1. Background
Epilepsy is the most common disorder of the central nervous system. It occurs due to the disruption of electrical activity, leading to acute and chronic changes in nerve function and mental abnormality (1). Epidemiologic studies show that 1% of people worldwide are affected by epilepsy and its prevalence is two to three times higher in African countries than in the rest of the world (2). In developed countries, there are 4 to 10 people with epilepsy per 10000 population (3). There is a relationship between the epilepsy prevalence and age so that it is more common in the first 10 years of life, especially in the first year (4). The abnormal discharge of nerve cells by various factors such as low blood sugar, oxygen deficiency, and infection makes imbalance between excitatory and inhibitory systems in the brain and leads to convulsion and the loss of consciousness (5).
In the last decade, plants have found an important role in clinical application as natural resources of pharmaceutical products. Nowadays different types of herbal medicines are commercially available in various dosage forms in the market (6). The World Health Organization estimates that 80% of populations in Asian and African countries use traditional medicine for the remedy of disease (7). Ellagitannins are hydrolyzable tannins that have functions in cell membranes (8). When ellagitannins are exposed to acid or base, the ester bond is hydrolyzed to form ellagic acid as a gallic acid dimer (Figure 1).

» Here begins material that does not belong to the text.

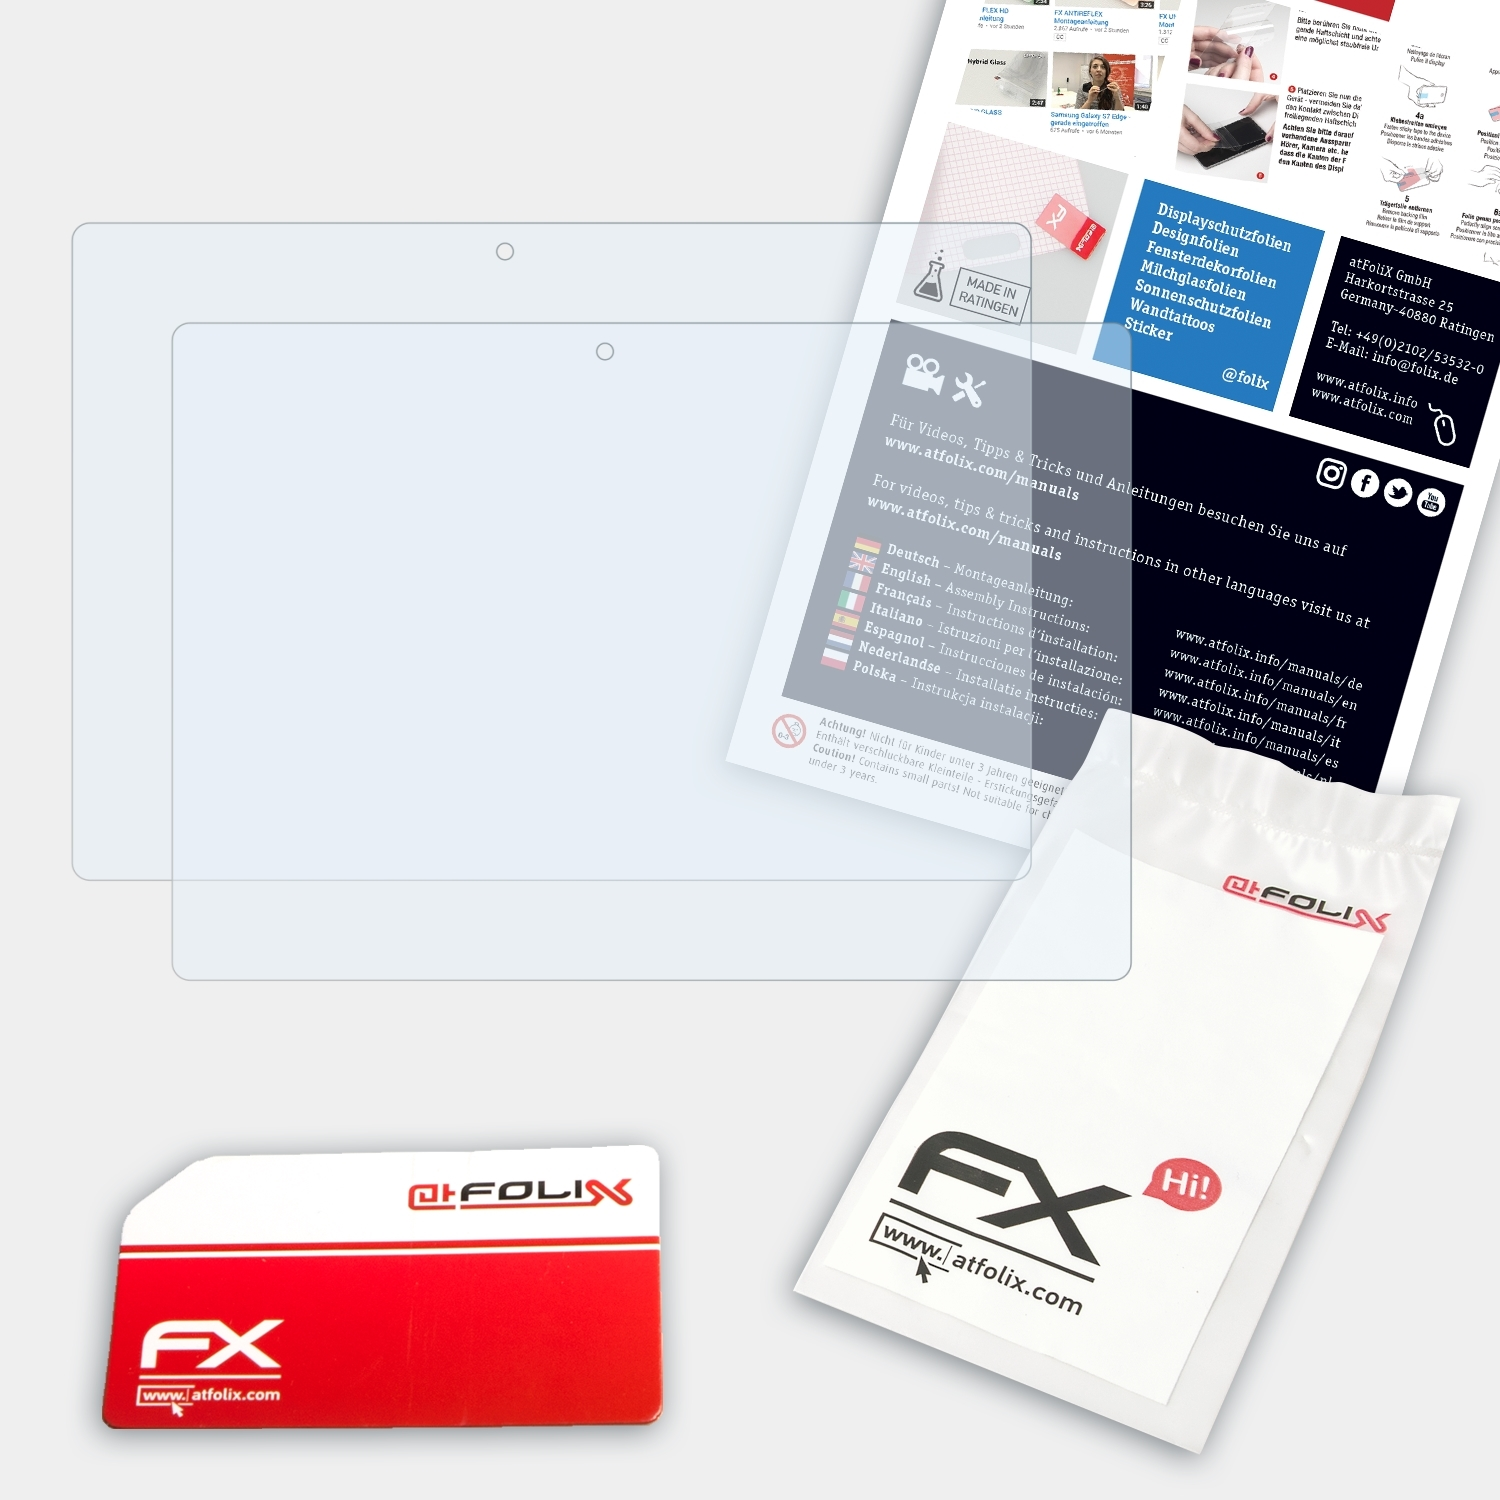 FX-Clear 2x ATFOLIX 10 Acer Tab Iconia (A3-A30)) Displayschutz(für
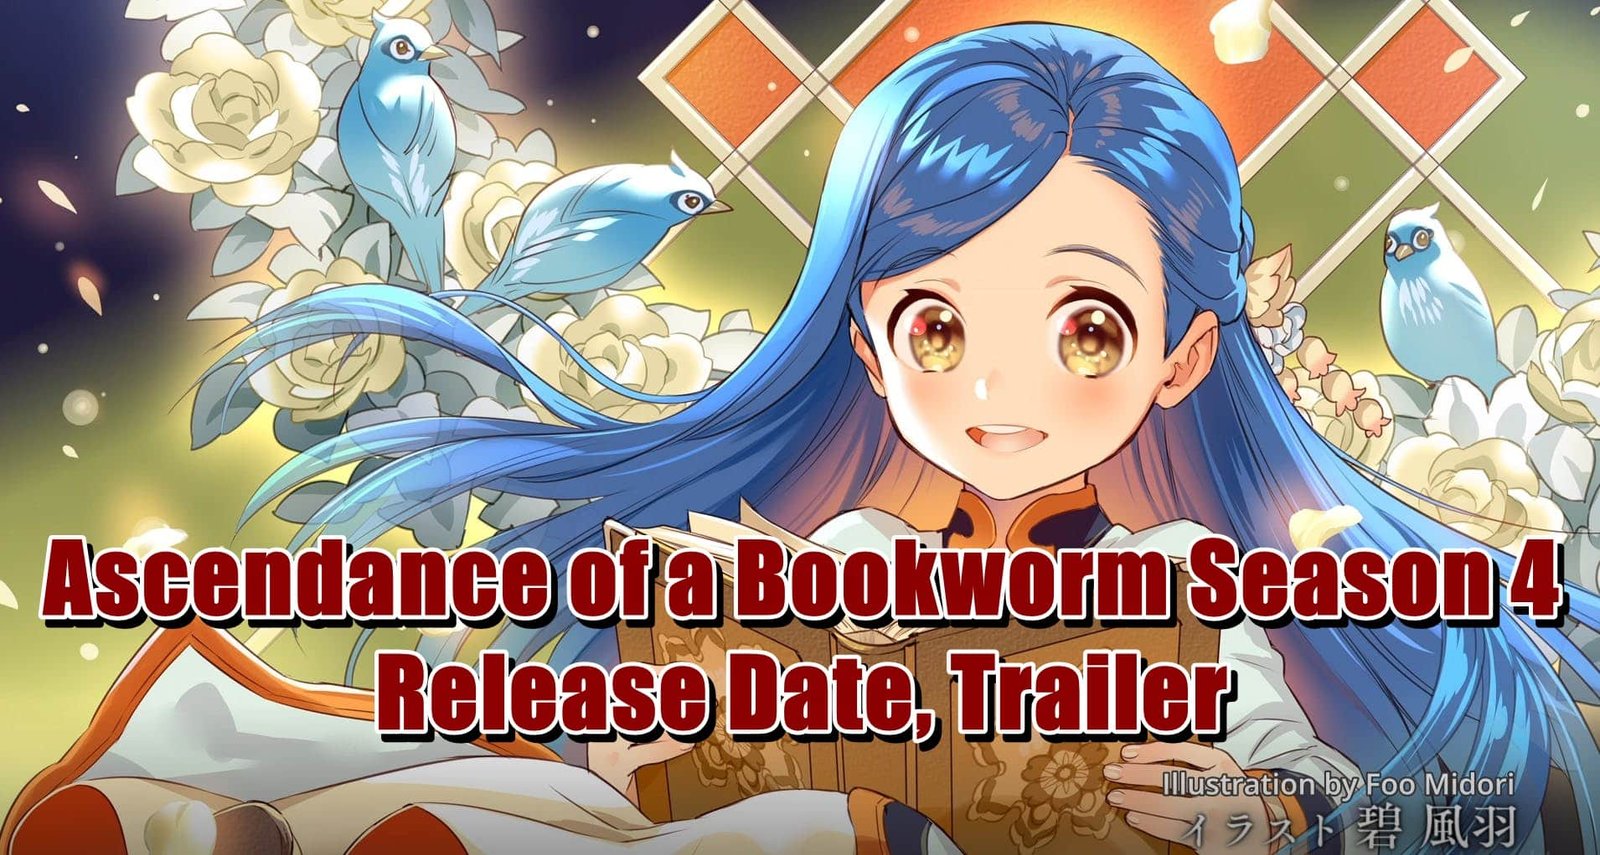 Ascendance of a Bookworm Season 4 Release Date, Trailer

Ellagic acid is found in plants such as pomegranate, walnut, strawberry, blueberry, eucalyptus, and oak (9). Because of the key role of these compounds in the treatment of cancer and cardiovascular diseases, they are considered as useful compounds in the human diet. Several studies confirmed that these effects are attributed to their antioxidant activity (10). Ellagitannins have antidepressant, anti-inflammatory, and analgesic properties, as well (11-13). Several studies showed that ellagic acid is useful for the treatment of colitis, Alzheimer’s disease, Parkinson’s disease, and anxiety and it can reduce the symptoms of nicotine dependence (14-18). In addition, ellagic acid has a protective effect on liver toxicity induced by carbon tetrachloride (19). It has been shown that ellagic acid considerably increases the activity of glutathione S-transferase and glutathione levels in cancer cells (20). Ellagic acid can make increases in the activity or induction of genes involved in the expression of superoxide dismutase, catalase, and NADPH quinones oxidoreductase and it has a neuroprotective effect on neurons against oxidative damage (21). As previously reported, ellagic acid has neuroprotective and antioxidant effects and increases the brain’s GABA levels and GABAergic transmission (22).
2. Objectives
This study was designed to evaluate and compare the effects of ellagic acid on two models of seizures in mice including maximal electroshock (MES)-induced convulsion for grand mal epilepsy and pentylenetetrazole (PTZ)-induced seizure for absence epilepsy.
3. Methods
3.1. Experimental Animals
C57 albino mice in the weight range of 23 ± 3 g were purchased from the Research Center and Experimental Animal House of Ahvaz Jundishapur University of Medical Sciences (AJUMS). The mice were kept in standard cages at 23 ± 2°C under a 12-hour light/dark cycle. All animals had free access to food and water throughout the experiment and benefited from the diet and adequate water because dehydration and lack of adequate food could change the seizure threshold (23). The experiments were carried out at a certain time of day (10 a.m. to 14 p.m.). For adaptation to the environment and elimination of anxiety, the animals were put in the experiment place 30 minutes before the experiments started. The study was approved by the Ethics Committee of AJUMS for Care and Use of Laboratory Animals.
3.2. Drugs and Chemicals
Ellagic acid and PTZ (Sigma-Aldrich, USA), diazepam ampoule (Caspian Pharmaceutical Co., Iran), phenytoin ampoule (Caspian Pharmaceutical Co., Iran), and carboxymethyl cellulose (CMC) (Merck, Germany) were purchased for research in this study. Ellagic acid was suspended in normal saline and CMC 0.1 % and stored at 4°C.
3.3. Selection of Doses
The approved dose of ellagic acid with no side effects in animal models is 778 mg/kg. However, based on a pilot study, ellagic acid was used at the doses of 25, 50, and 100 mg/kg in the current study (12). In addition, PTZ at 85 mg/kg and diazepam at 1 mg/kg were applied (23, 24).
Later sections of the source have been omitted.